GQA's main practical benefit is on inference: KV cache memory scales with the number of key-value heads rather than query heads, so a 70B model with 64 query heads but 8 KV heads consumes about 1/8 the cache of a same-shape model that used full multi-head attention. This enables longer context generation on commodity hardware and reduces the cost of multi-tenant serving in cloud deployments [4].

rotary positional embeddings

LLaMA 3 employs Rotary Positional Embeddings (RoPE) to encode positional information. RoPE applies a rotation matrix to encode absolute position while simultaneously incorporating relative position information directly into the self-attention computation. For the LLaMA 3 series, Meta increased the RoPE base frequency hyperparameter to 500,000 (up from 10,000 in LLaMA 2), which enables better support for longer context lengths of up to 8,192 tokens in the initial release and 128,000 tokens in LLaMA 3.1 [3]. The higher base frequency stretches the rotation period, allowing the model to distinguish positions over longer ranges without running into the periodic aliasing that would occur at lower frequencies.

For the 128K context extension in LLaMA 3.1, Meta further scaled RoPE using a custom interpolation scheme combined with continued pretraining on long-context documents. The team gradually expanded context length over several training stages: 8K, then 16K, then 32K, 64K, and finally 128K, with each stage using a curated mixture of long documents (books, code repositories, research papers) to teach the model to attend over the new range. The 128K extension preserved short-context quality while delivering near-perfect retrieval scores on the needle-in-a-haystack benchmark across the full window [3].

dense transformer design

Unlike some competing models that use mixture-of-experts (MoE) architectures, all LLaMA 3 models employ a dense transformer design in which every parameter is active during inference. Meta chose this approach for its simplicity, training stability, and ease of deployment, though it means that inference cost scales linearly with parameter count [3]. The team explicitly evaluated MoE alternatives during the design phase but concluded that the dense architecture provided better training stability at the scales they targeted and was simpler to optimize for deployment across diverse hardware platforms. The decision was reversed in the Llama 4 generation, which moved to MoE in 2025.

training

pretraining data

LLaMA 3 models were pretrained on over 15 trillion tokens of text collected from publicly available sources. This represents a roughly sevenfold increase over the 2 trillion tokens used for LLaMA 2. Over 5% of the training data (approximately 800 million tokens) consisted of text in more than 30 non-English languages, improving multilingual performance [1].
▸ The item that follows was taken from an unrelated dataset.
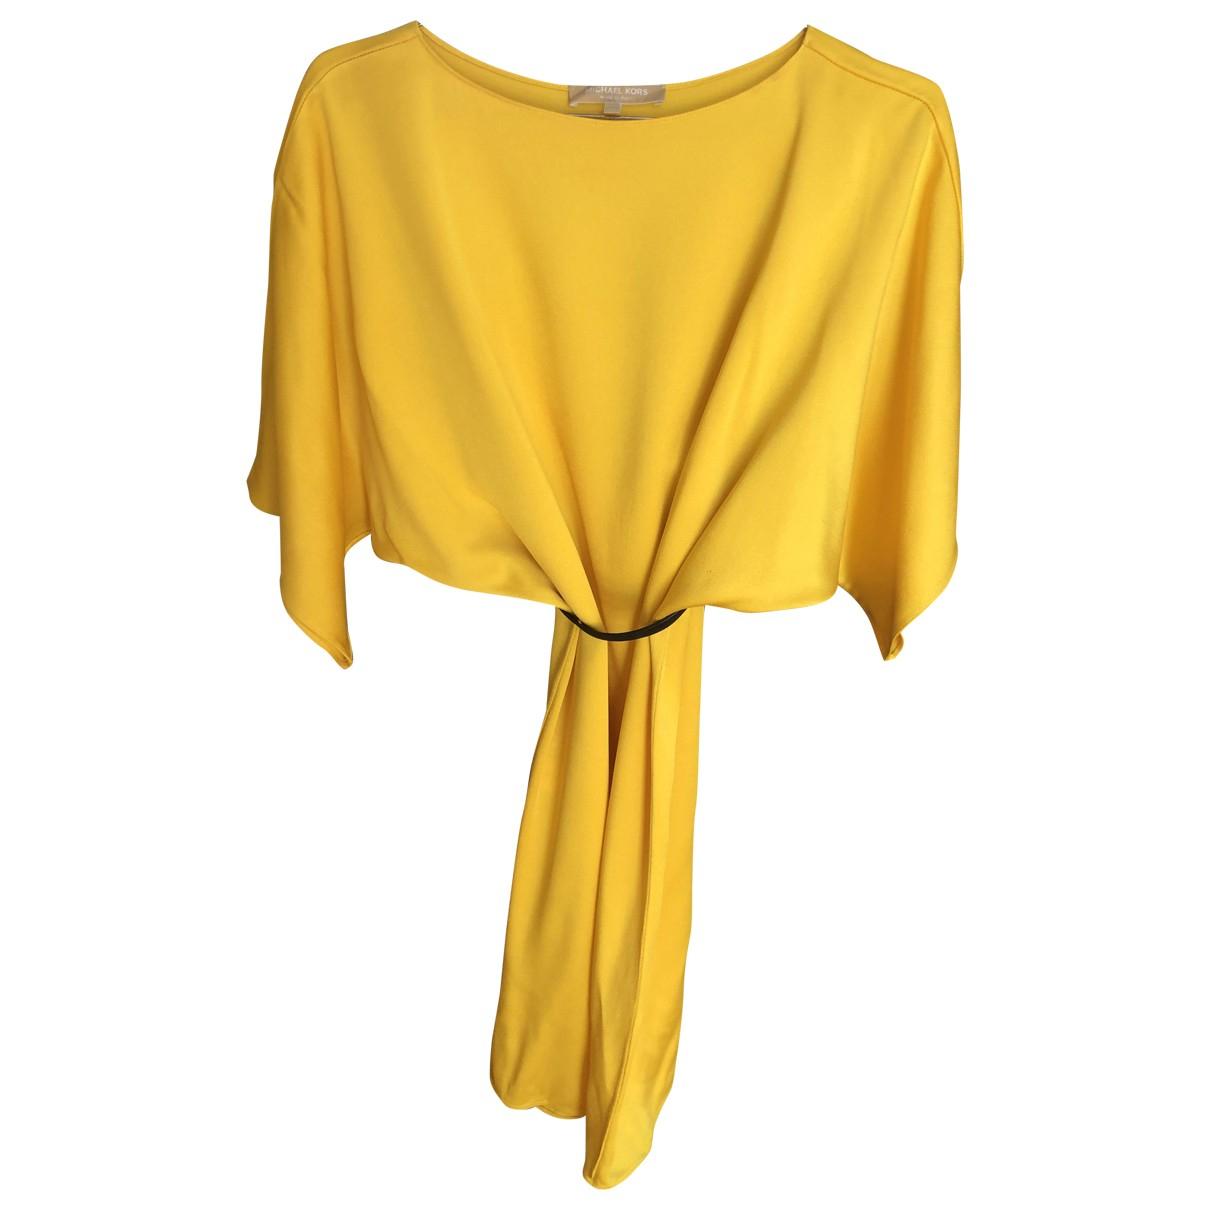 Michael Kors \N Kleid in  Gelb Seide

Meta developed custom data filtering pipelines using multiple stages of quality control. The pipeline included heuristic filters for removing low-quality content, NSFW classifiers, and text quality classifiers trained specifically for this purpose. For quality scoring, Meta used DistilRoBERTa models trained on web data that had been annotated by LLaMA 2 itself, creating a bootstrapping approach where the previous generation model helped curate data for the next [3]. Specialized classifiers were also trained for code and reasoning content, using prompt-tuned models to identify web pages containing mathematical deductions, STEM reasoning, and code interleaved with natural language.

The deduplication process operated at both the document and line levels. Document-level deduplication used MinHash-based near-duplicate detection to remove redundant content across the corpus. Line-level deduplication employed heuristics such as duplicated n-gram coverage ratios to strip out repetitive content like logging messages or error traces. Additionally, token-distribution Kullback-Leibler divergence was used to filter out documents containing abnormal distributions of tokens compared to the overall training corpus [3].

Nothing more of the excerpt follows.